Wednesday, 16 December 2015
A Very Good Resource on the Bayh-Dole Act and Commercialization
In the last few weeks, I have had the opportunity to refer folks to a book on the Bayh-Dole Act and technology transfer. The excellent book is the late Syracuse University Law School Professor Theodore Hagelin’s Technology Innovation Law and Practice casebook published in 2012. The book has a very nice treatment of the Bayh-Dole Act and coverage of the legal concerns from taking a product from the laboratory to market. The book is available from Lexis Nexis, here, and Amazon, here. Professor Hagelin was the founder and Director of the very successful Technology Commercialization Law Program at Syracuse University College of Law; Director of the New York State Science and Technology Law Center; Crandall Melvin Professor of Law; and Kauffman Professor of Entrepreneurship and Innovation.

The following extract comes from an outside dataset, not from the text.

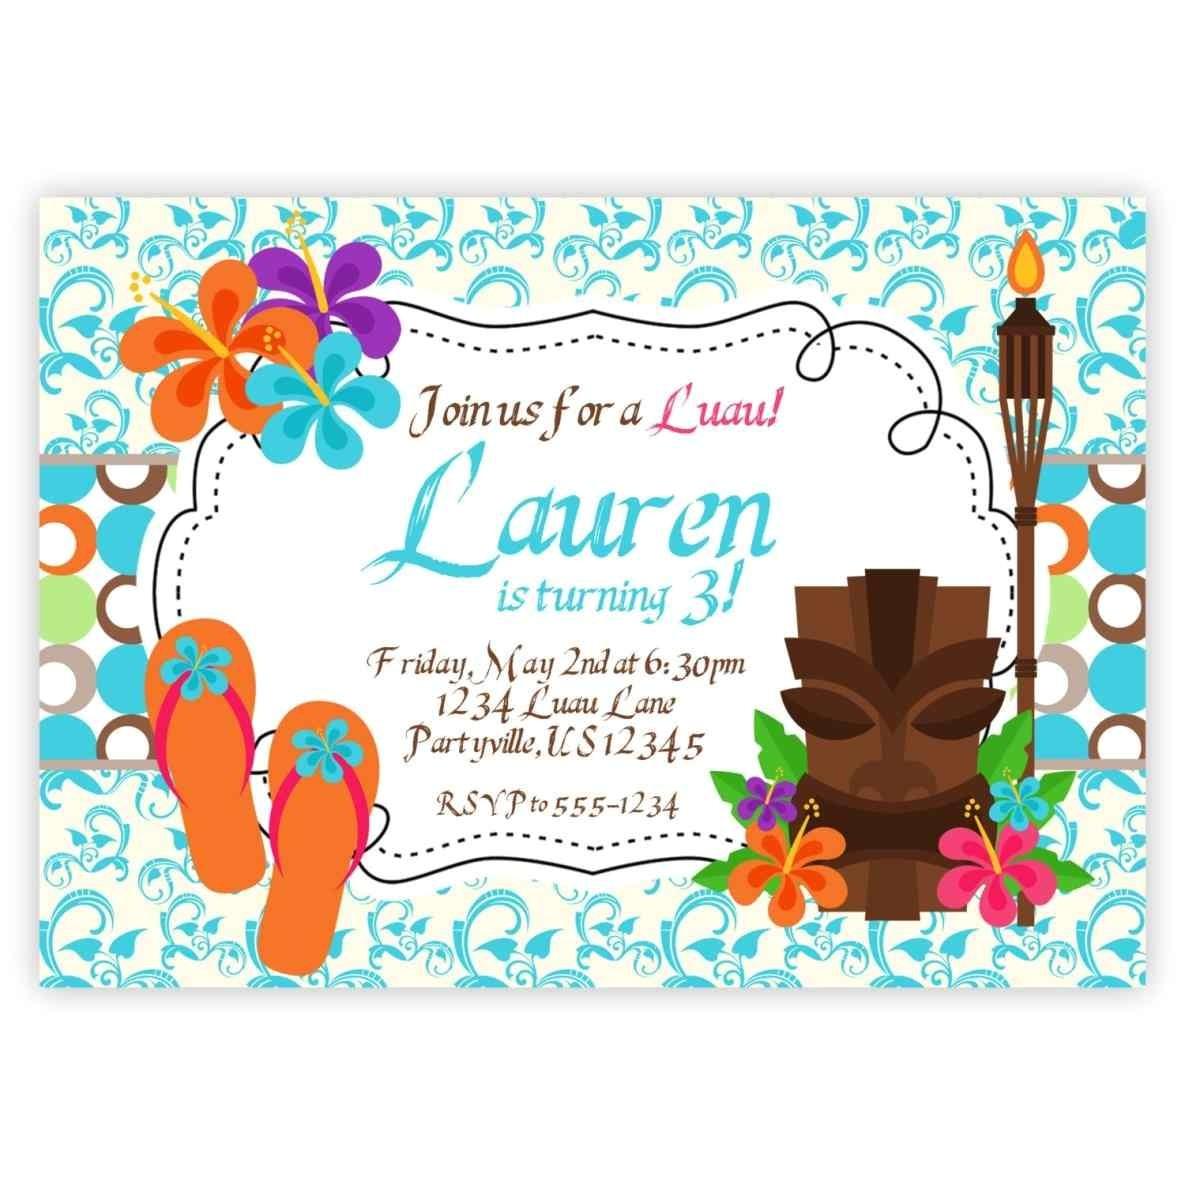 print at home diy invitation blank luau party invitations printable birthday little girl

A description of his accomplishments can be found, here.
Here is the publisher’s description of the book:
This book is a comprehensive collection of cases, statutes, regulations and readings focused on the commercial development of new technologies, primarily by start-up and early-stage companies. It defines the technology innovation process as the set of decisions and actions by which an invention is transformed from a laboratory prototype into a commercially viable product or process; and defines the technology innovation period as the time between the point of invention (reduction to practice) and the point of market introduction.
Technology Innovation Law and Practice addresses the gap in academic attention paid to the field of technology innovation. The book provides students, faculty and practitioners, both in law and other disciplines, with a single source of in-depth information on the laws that affect the technology innovation process. The book is unique in its interdisciplinary focus, in its emphasis on start-up and early-stage technology companies, and in its combination of instructional and reference materials.